B, an alien individual, is a resident of foreign country X, under X’s internal law. Country X is a party to an income tax convention with the United States. B is also a resident of the United States under the Internal Revenue Code. B is considered to be a resident of country X under the convention. The convention does not specifically deal with characterization of foreign corporations as controlled foreign corporations or the taxability of United States shareholders on inclusions of subpart F income, but it provides, in an “Other Income” article similar to Article 21 of the 1981 draft of the United States Model Income Tax Convention (U.S. Model), that items of income of a resident of country X that are not specifically dealt with in the convention shall be taxable only in country X. B owns 80% of the one class of stock of foreign corporation R. The remaining 20% is owned by C, a United States citizen who is unrelated to B. In 1985, corporation R’s only income is interest that is foreign personal holding company income under § 1.954A-2 of this chapter.
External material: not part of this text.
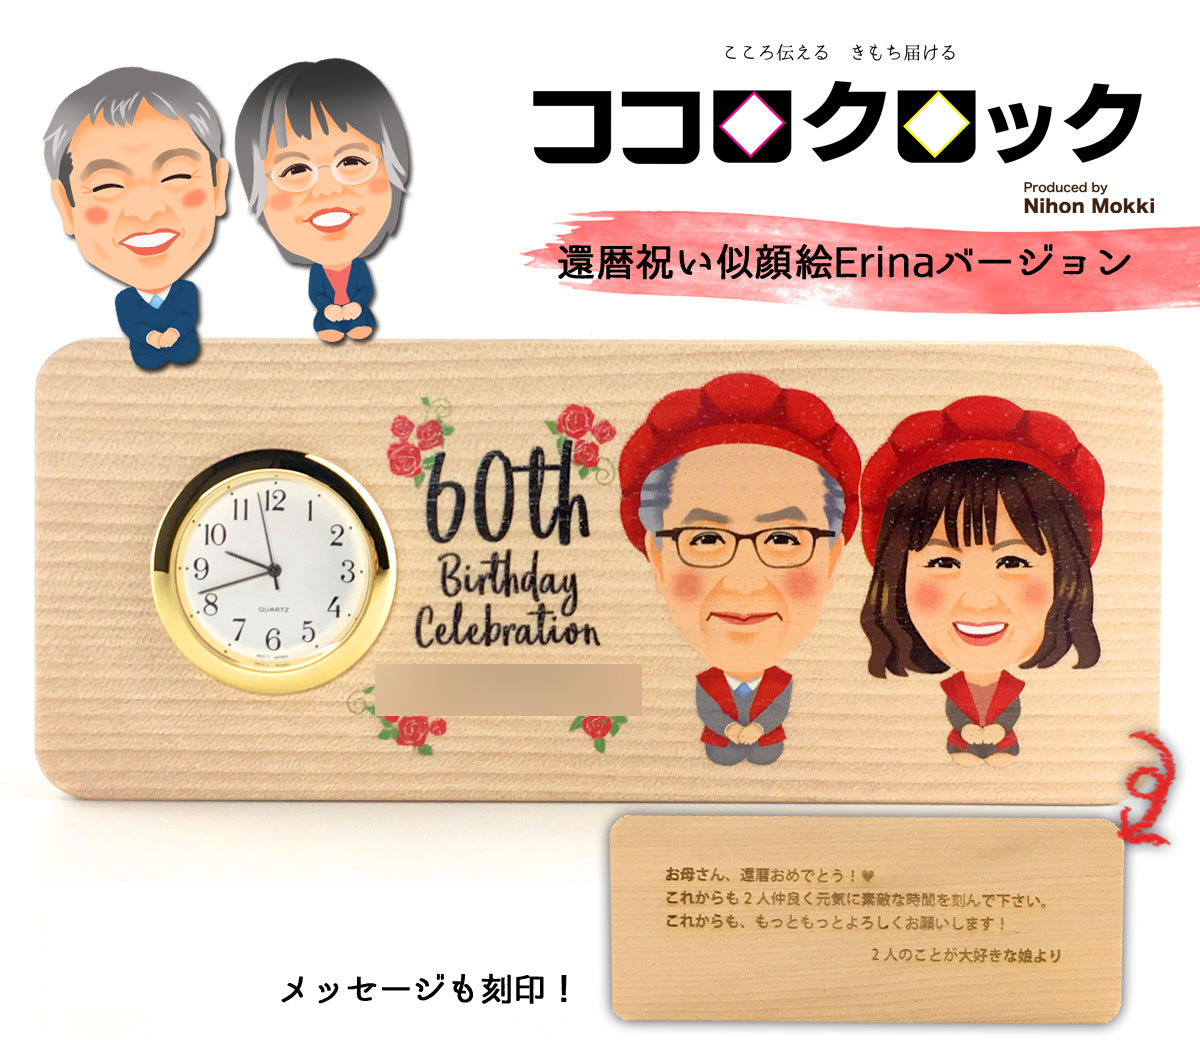 【セミ/フルオーダー 似顔絵 名入れ】ココロクロック 還暦祝い置時計2名描き(作家Erina) 長寿祝い(古希/喜寿/傘寿/米寿/卒寿/白寿)退職祝い 父の日・母の日 お好きなメッセージ刻印 SEIKO 木製 日本製

Because the United States-X income tax convention does not deal with characterization of foreign corporations as controlled foreign corporations, United States internal income tax law applies. Therefore, B and C are United States shareholders within the meaning of § 1.951–1(g) of this chapter, corporation R is a controlled foreign corporation within the meaning of § 1.957–1 of this chapter, and corporation R’s income is included in C’s income as subpart F income under § 1.951–1 of this chapter. B may avoid current taxation on his share of the subpart F inclusion by filing as a nonresident (i.e., by following the procedure in § 301.7701(b)–7(b)).

Example 2.

The facts are the same as in Example 1, except that B also earns United States source dividend income. The United States-X income tax convention provides that the rate of United States tax on United States source dividends paid to residents of country X shall not exceed 15 percent of the gross amount of the dividends. B’s United States tax liability with respect to the dividends would be smaller if he were treated as a resident alien, subject to tax on a net basis (i.e., after the allowance of deductions) than if he were treated as a nonresident alien. If, however, B chooses to file as a nonresident in order to claim treaty benefits with respect to his share of R’s subpart F income, his overall United States tax liability, including the portion attributable to the dividends, must be determined as if he were a nonresident alien.

Example 3.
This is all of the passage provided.